Showing 10 changed files with 752 additions and 218 deletions.
diff --git a/holoviews/core/data/__init__.py b/holoviews/core/data/__init__.py
@@ -5,16 +5,19 @@
 except ImportError:
     pass
 
+import types
+import copy
 import numpy as np
 import param
+from param.parameterized import add_metaclass, ParameterizedMetaclass
 
 from .. import util
 from ..accessors import Redim
 from ..dimension import Dimension, process_dimensions
 from ..element import Element
-from ..ndmapping import OrderedDict
+from ..ndmapping import OrderedDict, MultiDimensionalMapping
 from ..spaces import HoloMap, DynamicMap
-from .interface import Interface, iloc, ndloc, DataError
+from .interface import Interface, iloc, ndloc
 from .array import ArrayInterface
 from .dictionary import DictInterface
 from .grid import GridInterface
@@ -155,6 +158,7 @@ def __call__(self, new_type, kdims=None, vdims=None, groupby=None,
         if len(kdims) == selected.ndims or not groupby:
             # Propagate dataset
             params['dataset'] = self._element.dataset
+            params['pipeline'] = self._element._pipeline
             element = new_type(selected, **params)
             return element.sort() if sort else element
         group = selected.groupby(groupby, container_type=HoloMap,
@@ -165,7 +169,52 @@ def __call__(self, new_type, kdims=None, vdims=None, groupby=None,
             return group
 
 
+class PipelineMeta(ParameterizedMetaclass):
 
+    # Public methods that should not be wrapped
+    blacklist = ['__init__', 'clone', 'execute_pipeline']
+
+    def __new__(cls, classname, bases, classdict):
+
+        for method_name in classdict:
+            method_fn = classdict[method_name]

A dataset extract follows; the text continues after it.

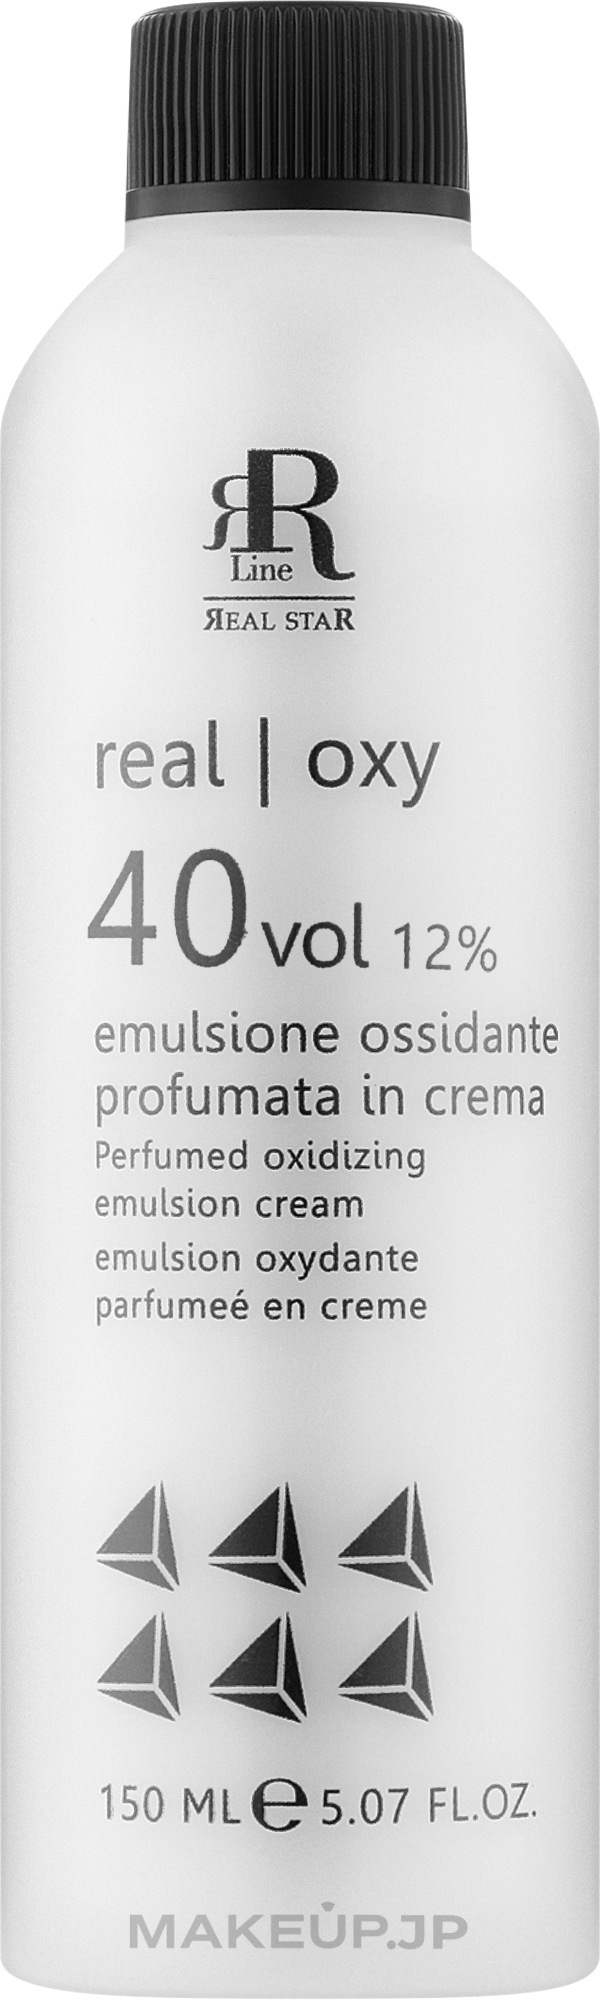 Perfumed Oxidizing Emulsion 12% - RR Line Parfymed Oxidizing Emulsion Cream — photo 150 ml

+            if method_name in cls.blacklist or method_name.startswith('_'):
+                continue
+            elif isinstance(method_fn, types.FunctionType):
+                classdict[method_name] = cls.pipelined(method_fn)
+
+        inst = type.__new__(cls, classname, bases, classdict)

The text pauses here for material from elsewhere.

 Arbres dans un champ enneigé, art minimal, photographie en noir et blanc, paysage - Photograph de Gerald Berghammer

+        inst._in_method = False
+        return inst
+
+    @staticmethod
+    def pipelined(method):
+        def pipelined_fn(*a, **k):
+            inst = a[0]
+            in_method = inst._in_method
+            if not in_method:
+                inst._in_method = True
+
+            result = method(*a, **k)
+
+            if not in_method:
+                if isinstance(result, Dataset):
+                    result._pipeline = inst._pipeline + [
+                        (method, list(a[1:]), k)
+                    ]
+                elif isinstance(result, MultiDimensionalMapping):
+                    for key, element in result.items():
+                        element._pipeline = inst._pipeline + [
+                            (method, list(a[1:]), k),
+                            (getattr(type(result), '__getitem__'), [key], {})

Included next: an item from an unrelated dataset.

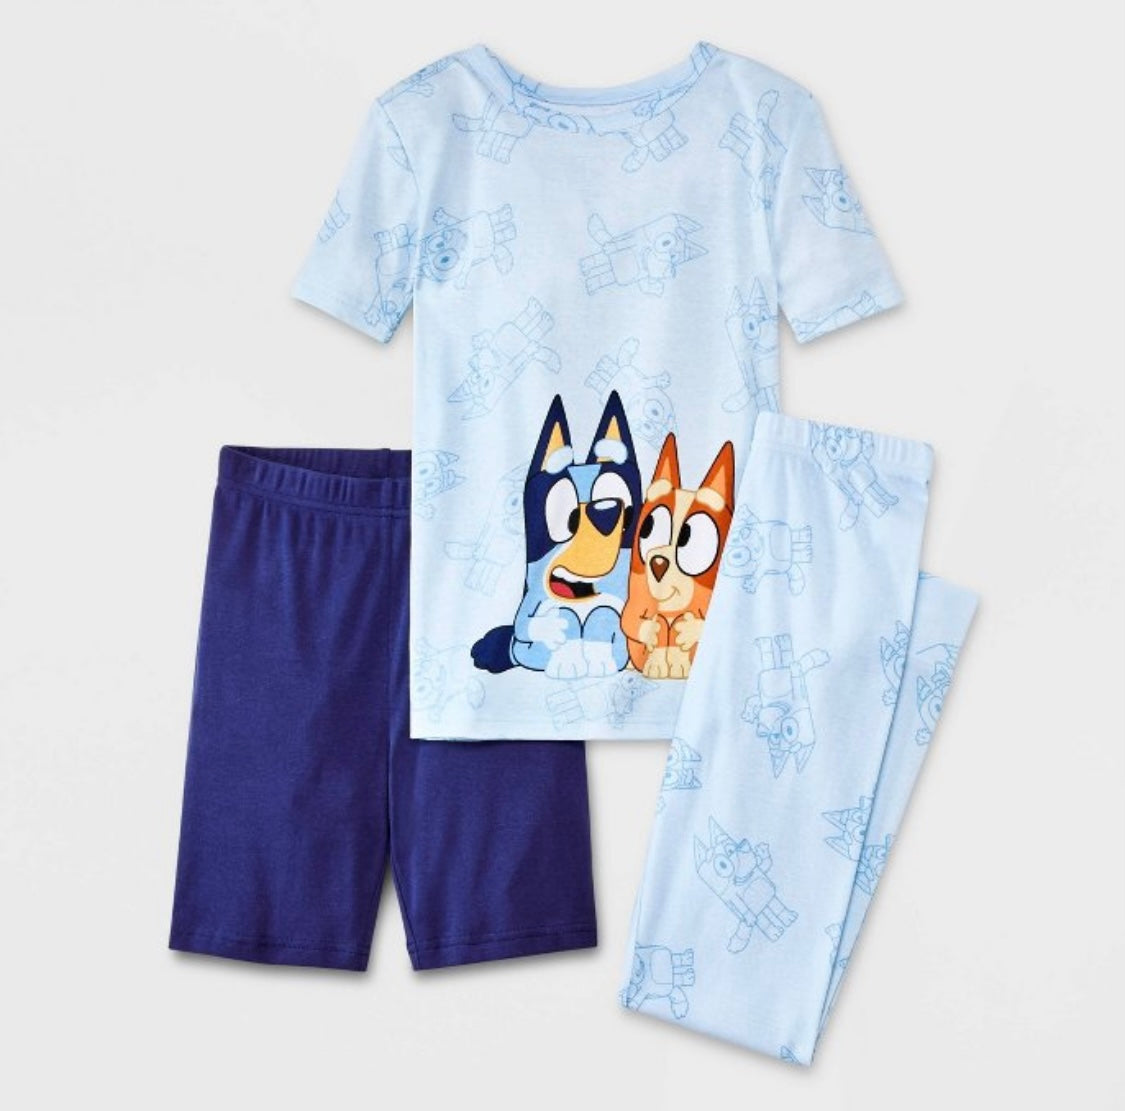 Pijama Bluey niño 3 piezas – Karen Variedad de Artículos

+                        ]
+                inst._in_method = False
+            return result
+
+        return pipelined_fn
+
+
+@add_metaclass(PipelineMeta)
 class Dataset(Element):
     """
     Dataset provides a general baseclass for Element types that
@@ -201,6 +250,8 @@ class Dataset(Element):
     _kdim_reductions = {}
 
     def __init__(self, data, kdims=None, vdims=None, **kwargs):
+        input_dataset = kwargs.pop('dataset', None)
+        input_pipeline = kwargs.pop('pipeline', [])
         if isinstance(data, Element):
             pvals = util.get_param_values(data)
             kwargs.update([(l, pvals[l]) for l in ['group', 'label']
@@ -217,6 +268,65 @@ def __init__(self, data, kdims=None, vdims=None, **kwargs):
 
         self.redim = Redim(self, mode='dataset')
 
+        # Handle _pipeline property
+        self._pipeline = input_pipeline + [(
+            type(self),
+            [],
+            kwargs,  # includes kdims and vdims
+        )]
+
+        # Handle initializing the dataset property.
+        self._dataset = None
+        if input_dataset is not None:
+            self._dataset = input_dataset.clone(dataset=None, pipeline=[])
+
+        elif type(self) is Dataset:
+            self._dataset = self
+
+    @property
+    def dataset(self):
+        """
+        The Dataset that this object was created from
+        """
+        from . import Dataset
+        if self._dataset is None:
+            dataset = Dataset(self, _validate_vdims=False)
+            if hasattr(self, '_binned'):
+                dataset._binned = self._binned
+            return dataset
+        else:
+            return self._dataset
+
+    @property
+    def pipeline(self):
+        """
+        List of (function, args, kwargs) tuples that represents the sequence
+        of operations that was used to create this object, starting
+        with the Dataset stored in dataset property
+        """
+        return self._pipeline
+
+    def execute_pipeline(self, data=None):
+        """
+        Create a new object of the same type by executing the sequence of
+        operations that was used to create this object.
+
+        Args:
+            data: Input data to the pipeline. If None, defaults to the value
+            of the dataset property and the resulting object will equal the
+            this object.
+
+        Returns:
+            An object with the same type as this object
+        """
+        new_dataset = self.dataset.clone(data=data, dataset=None, pipeline=[])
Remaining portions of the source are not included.